[Opening DATA BELOW section]

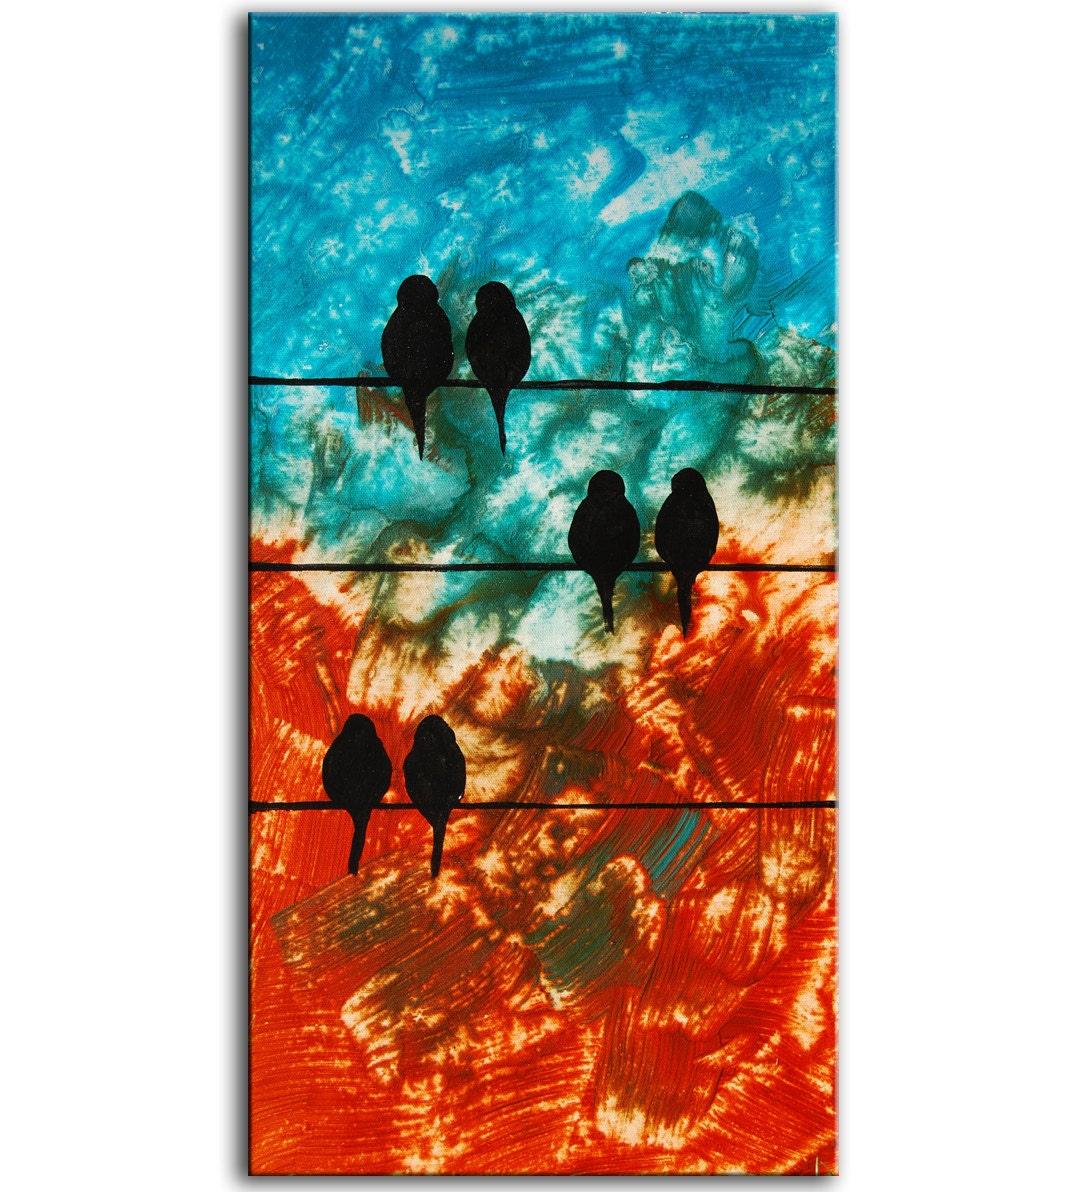 Bird paintings modern - photo#17
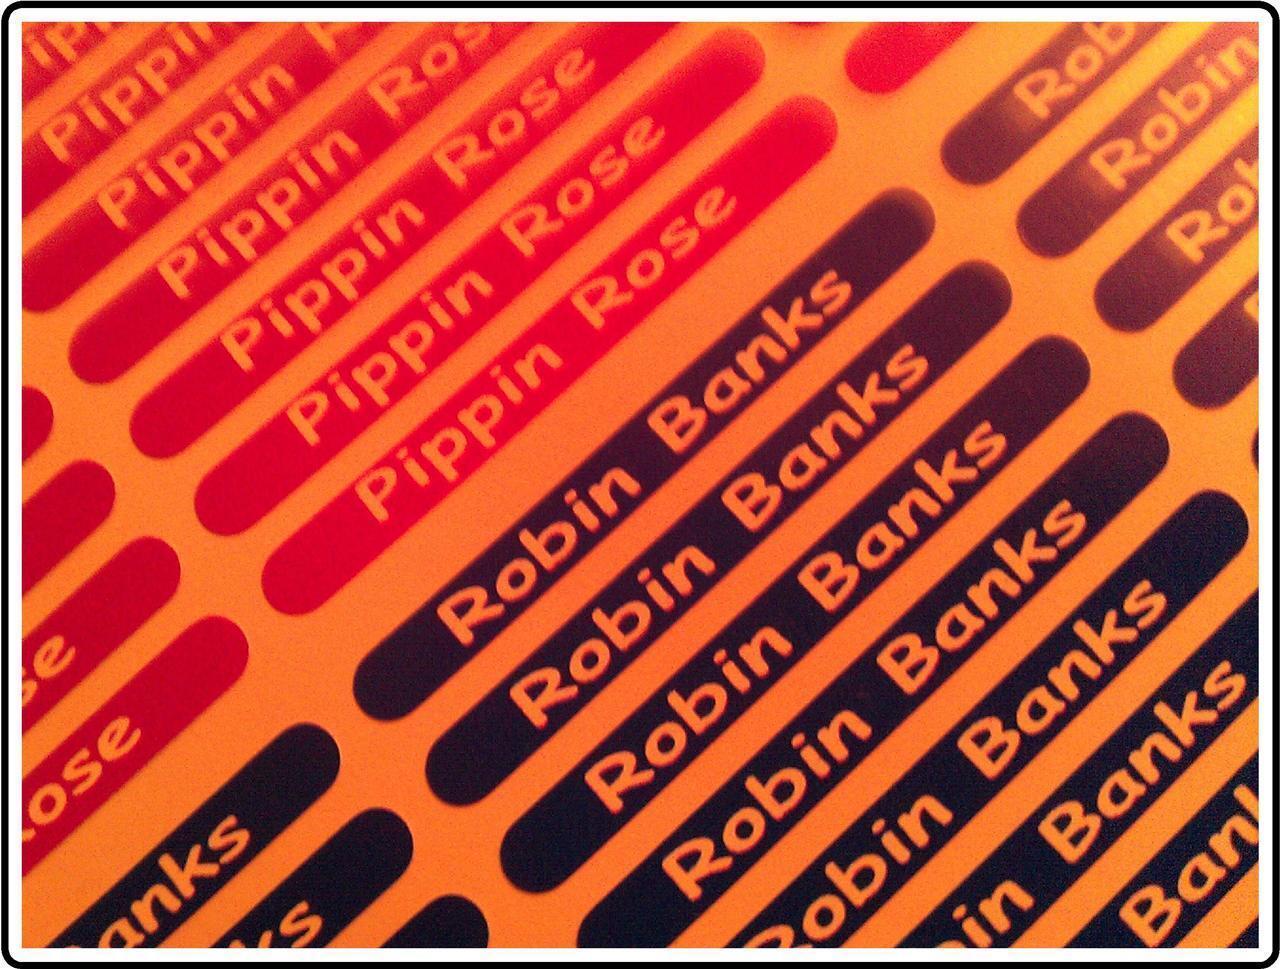 s l1600 - 100 Personalizado Mini Nombre Pegatinas-Etiquetas-Adhesivos-Impermeable
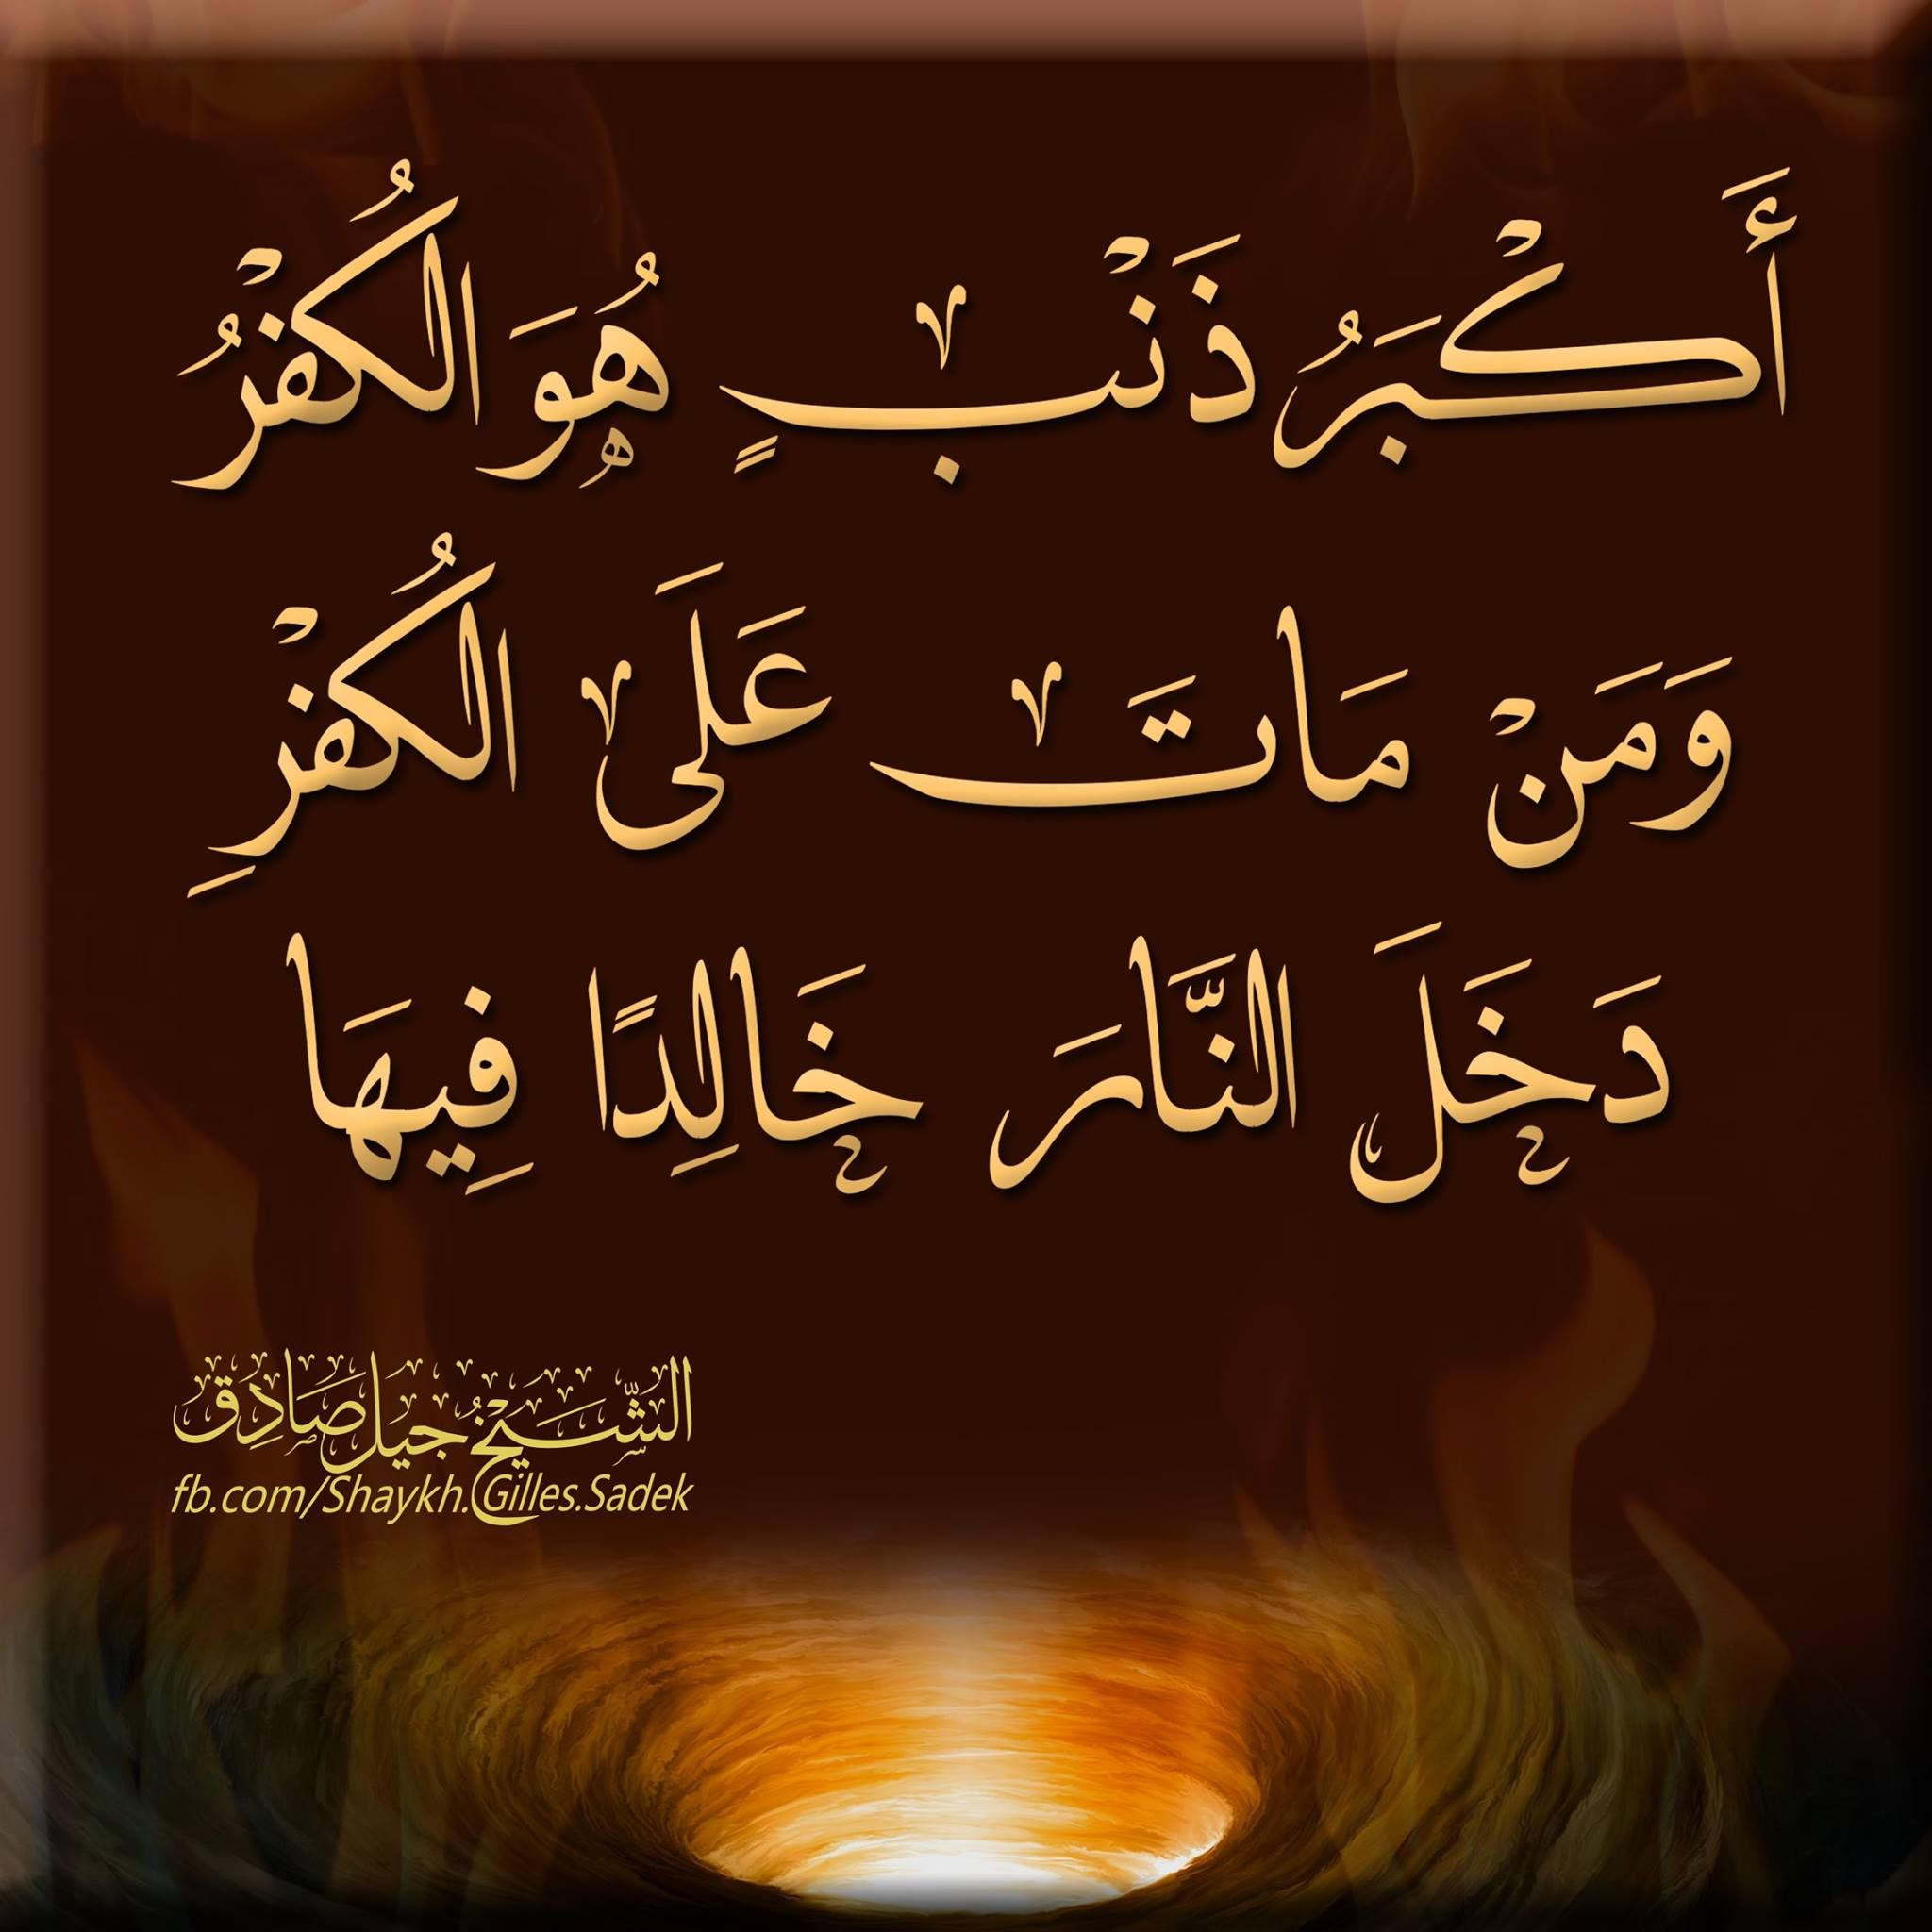 Fb Com Shaykh Gilles Sadek Whatsapp 15148244550 Twitter Shaykhgilles Instagram Shaykhgilles Telegram Shaykh Gilles Sadek Http Islamic Art Instagram Photo

[Closing DATA BELOW section]

TASK INSTRUCTIONS >>
Write each line exactly as it appears, from the line that holds "s l1600 - 100" through the closing line of the data above, and leave every picture out.

REPLY TO THE TASK >>
 s l1600 - 100 Personalizado Mini Nombre Pegatinas-Etiquetas-Adhesivos-Impermeable
 Fb Com Shaykh Gilles Sadek Whatsapp 15148244550 Twitter Shaykhgilles Instagram Shaykhgilles Telegram Shaykh Gilles Sadek Http Islamic Art Instagram Photo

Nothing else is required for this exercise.